Results: Patient was diagnosed with STAT GOF mutation. His genetic testing showed heterozygous mutation for STAT3 c.2144C>T, p.(Pro715Leu), which is pathogenic. The location of the mutation in the gene is shown in Figure 1. Further, the initial CT urogram showed diffuse circumferential bladder wall inflammation and bilateral hydroureteronephrosis (Figure 2). Patient underwent two biopsies of the bladder wall (percutaneous biopsy then transurethral biopsy), which were negative for malignancy but showed chronic inflammatory changes. Thorough infectious work-up was all negative. It included bacterial, fungal, and mycobacterial cultures for his bladder biopsies as well as for three consecutive samples of urine and stool, three consecutive stool cultures for ova and parasite, urine PCR for ureaplasma, and serology for schistosomiasis.

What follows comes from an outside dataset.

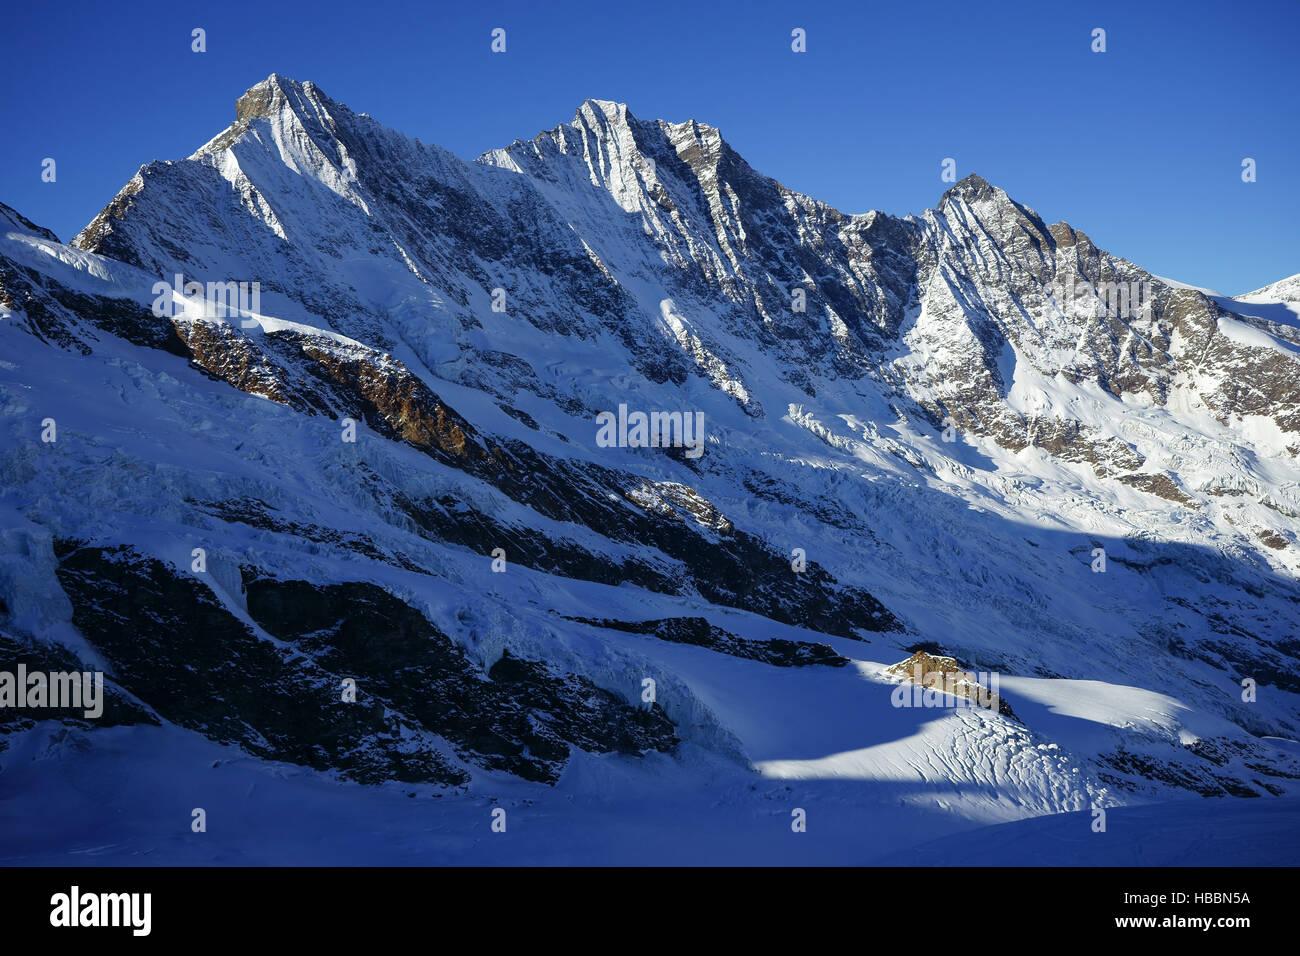 Mischabel Bergkette mit Täschhorn (l), Dom, Lenzspitze, Valais, Schweizer  Alpen, Schweiz Stockfotografie - Alamy

Conclusion: We present a patient with early-onset autoimmune cytopenia, lymphadenopathy, splenomegaly and dysgammaglobulinemia due to STAT3 GOF mutation. He developed bladder wall inflammation causing bilateral hydrouretero-nephrosis and renal dysfunction; he was treated with prednisone that led to a complete clinical as well as biochemical but partial radiographic response. While the treatment for bladder wall inflammation due to lymphoproliferation is unclear, the use of immunosuppressants such as prednisolone and tacrolimus for non-infectious interstitial cystitis has been reported (Kaneko et al. 2012). On the other hand, Jak inhibitors such as ruxolitinib or tofacitinib for patients with more severe systemic involvement due to STAT3 GOF has also been reported (Forbes et al. 2018). While the same mutation found in our patient has been described in four other patients in the literature (Forbes et al. 2018), to the best of our knowledge, bladder wall inflammation in the context of STAT3 GOF has not been reported. Our case illustrates a possibly new albeit atypical presentation of this rare genetic condition known to cause lymphoproliferation.